The only way I can make sense of Rawls’ absolutist stance on basic liberties is that he (falsely) assumes these are costless rights. But a basic right like the right to vote has costs. We could spend endless amounts of public funds trying to ensure that the right to vote is adequately regulated (as well as all the other fundamental rights and freedoms).The more we spend on improving the enjoyment of this one right the less we will have for other laudable aims that do not involve basic liberties, such as universal health care, education, etc. But Rawls does not permit us to appeal to benefits to the public good when making decisions about the regulation of basic liberties. Such decisions would violate the equal basic liberties principle which is serially ordered above the principles of fair equality of opportunity and the difference principle. So the equal basic liberties principle cannot be subjected to a cost–benefit analysis that transcends the metric of liberty itself. But the reality is that every society, even affluent societies like America, must (and do) make such decisions when they invest scarce public funds into certain aims (e.g. national defence, domestic security, education etc.) rather than other aims. These constraints are ignored by Rawls because he discusses a society that exists in an idealized scenario that is insulated from many of these issues. Thus an “arrangement-focused” approach to liberty limits our deliberations in a way that makes it sound reasonable to assert “The priority of liberty implies in practice that a basic liberty can be limited or denied solely for the sake of one or more other basic liberties, and never, as I have said, for reasons of public good or perfectionist values.” (Rawls, PL 295) A “realization-focused” approach to justice will not take such an absolutist position on liberty.

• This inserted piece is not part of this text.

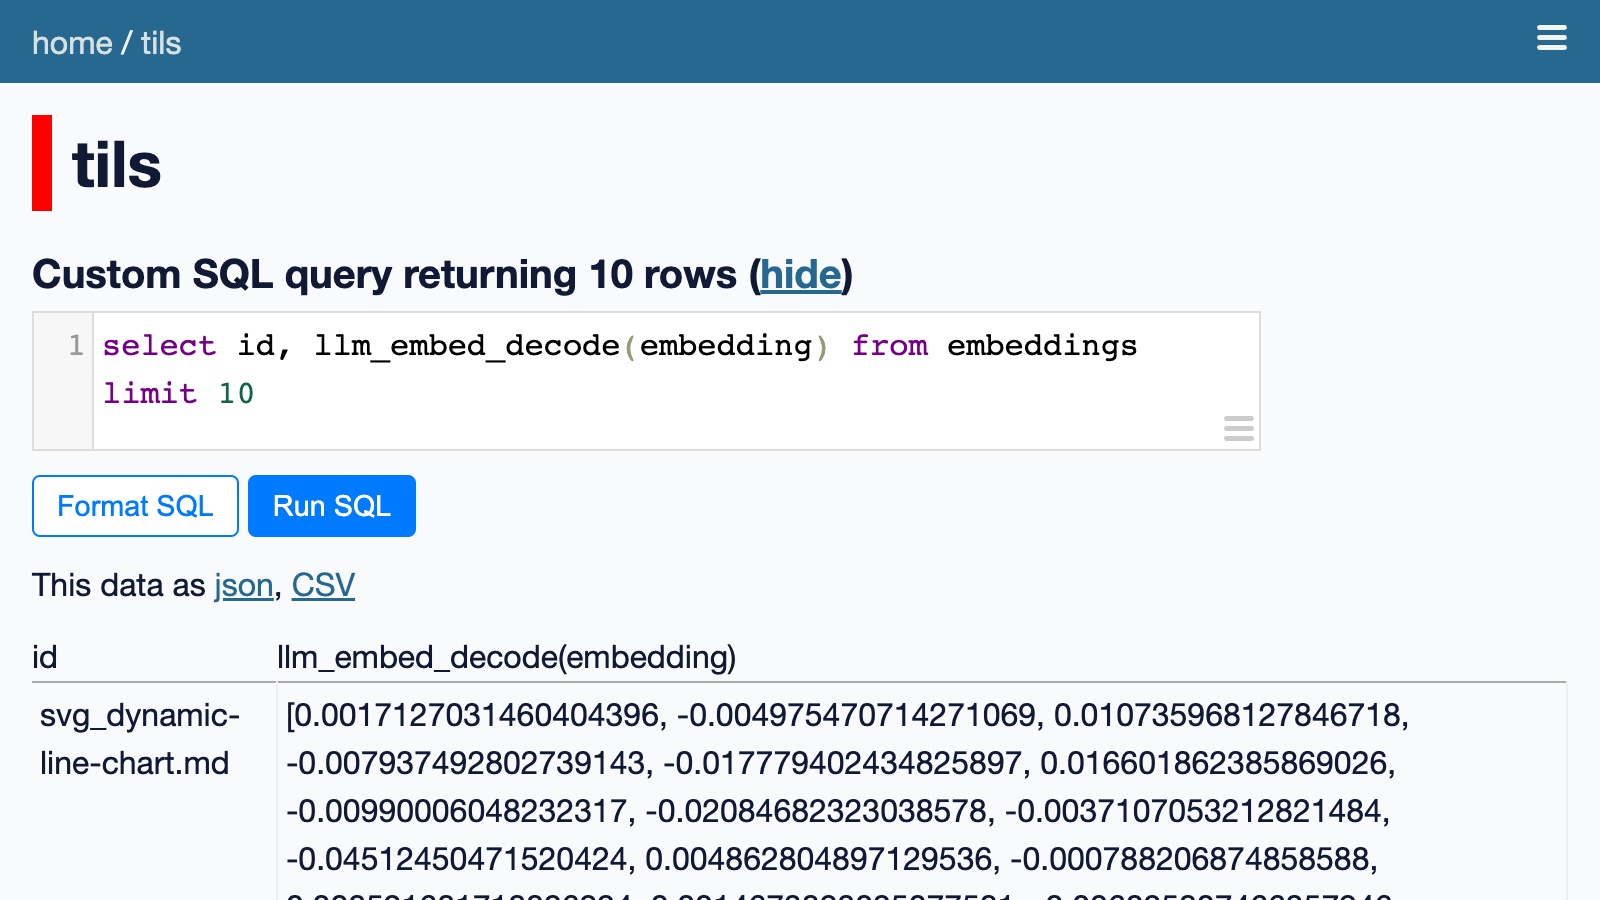 Now the SQL query returns a JSON array of floating point numbers for each ID

And this then links in with Sen’s concern about the relevance of a global perspective of justice. If one sought to apply Rawls’s first principle of justice to the global arena, one might think that it is most important to train virtuous judges who can then ensure that all societies make good on having the “political will” to prioritize liberty over all other values (by threatening to invalidate legislation that contravenes a liberal constitution). Having impartial and competent judges is of course important. But as the “first principle” of global justice one might find it a bit odd, even perverse, to prioritize the training of judges and instituting judicial review over, say, the training of doctors and nurses, eliminating infectious diseases, eliminating the most blatant and vicious abuses of political power. A “realization-focused” approach to justice would bring these considerations to the fore, rather than bracketing or side-stepping them as I believe Rawlsian justice does.